Constant	Default	Description
`LLM_TIMEOUT`	`300.0`	Per-request timeout in seconds
`LLM_HEALTH_TIMEOUT`	`5.0`	Health check timeout
`LLM_MAX_TEXT_CHARS`	`50000`	Max text length sent to LLM
`LLM_VERBATIM_CHARS`	`40000`	Chars included verbatim (rest truncated)
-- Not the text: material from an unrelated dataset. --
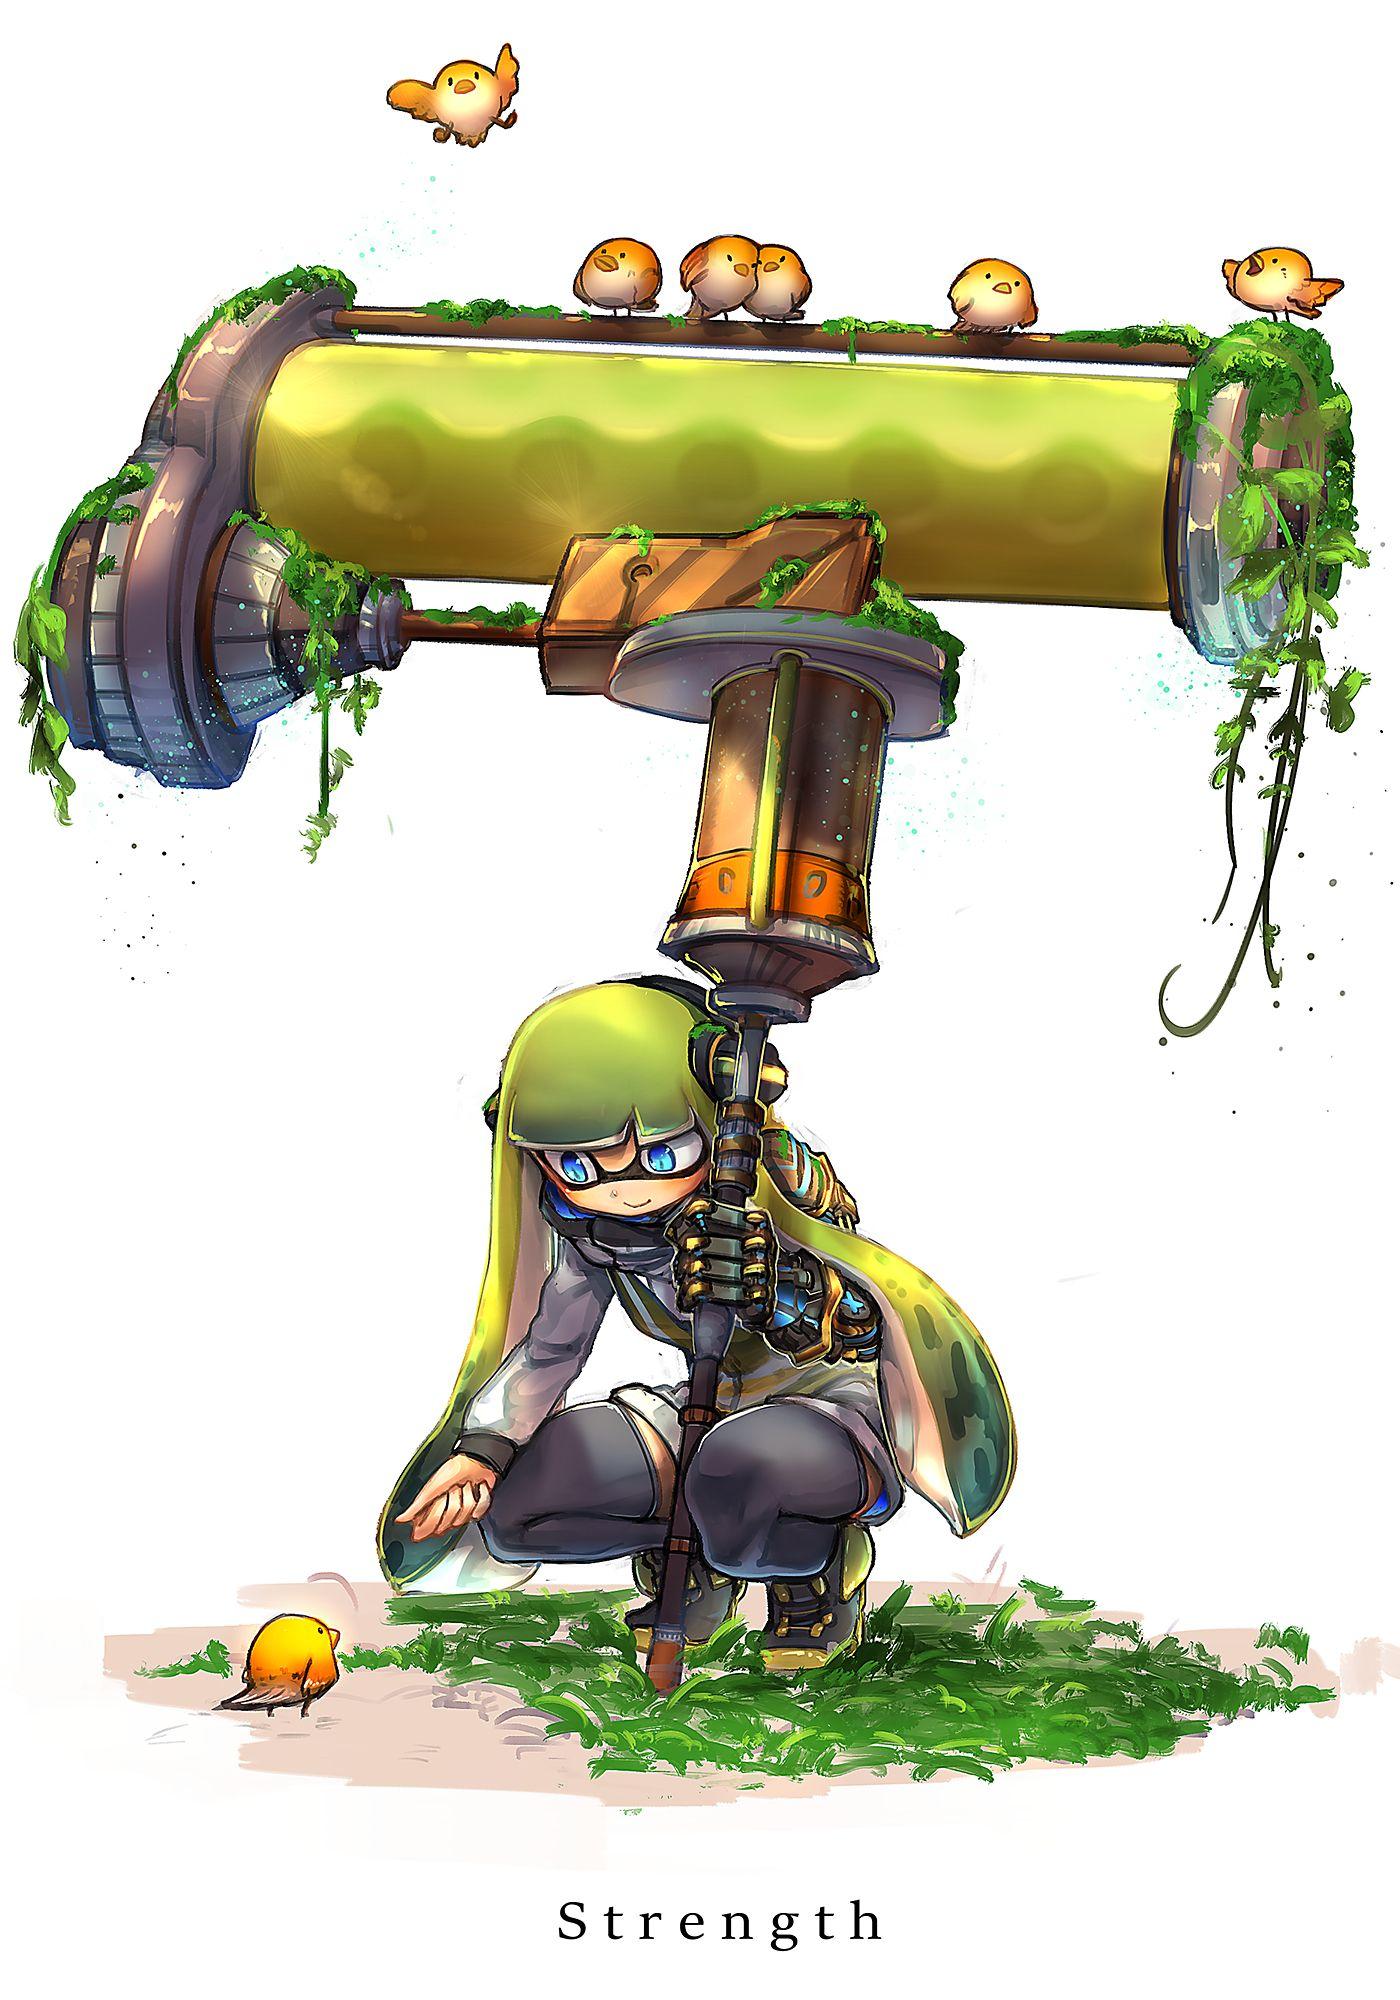 Inkling Splatoon Image 2053474 Zerochan Anime Image Board

If the configured LLM is not running or unreachable, the system silently falls back to keyword-based classification.

Vote Result Codes¶

Individual MP Votes (`hl_poslanec.vysledek`)¶

Code	Enum	Meaning
`A`	YES	Voted yes
`B`	NO	Voted no
`C`	ABSTAINED	Abstained
`F`	DID_NOT_VOTE	Registered but didn't press button
`@`	ABSENT	Not registered in the chamber
`M`	EXCUSED	Formally excused
`W`	BEFORE_OATH	Before taking oath
`K`	ABSTAIN_ALT	Alternative abstain code

Vote Outcomes (`hl_hlasovani.vysledek`)¶

Code	Meaning
`A`	Passed
`R`	Rejected
`X`	Invalid
`Q`	Invalid (variant)
`K`	Invalid (variant)

Votes in the zmatecne table are void and are always filtered out before any analysis.

Caching Strategy¶

~/.cache/pspcz-analyzer/psp/          (or $PSPCZ_CACHE_DIR)
    raw/              # Downloaded ZIP files
    extracted/        # Extracted UNL files
    parquet/          # Parsed DataFrames cached as Parquet
    tisky_pdf/        # Downloaded parliamentary print PDFs
    tisky_text/       # Extracted plain text from PDFs
    tisky_meta/       # Topic classification + summary Parquet caches
    tisky_historie/   # Legislative history JSON files
    tisky_version_diffs/  # LLM diff summaries (Czech + English)
    tisky_related_bills/  # Related bills JSON files (from zakon.cz)
    amendments/       # Amendment data (parsed amendments, vote mappings, coalitions) — Parquet + JSON under amendments/{period}/

The Parquet cache uses file modification times: if the Parquet file is newer than the source UNL directory, it's loaded directly. Otherwise the UNL files are re-parsed and the Parquet is regenerated.

Column schemas are defined in pspcz_analyzer/models/schemas.py — each table has a *_COLUMNS list (column order) and a *_DTYPES dict (type casts).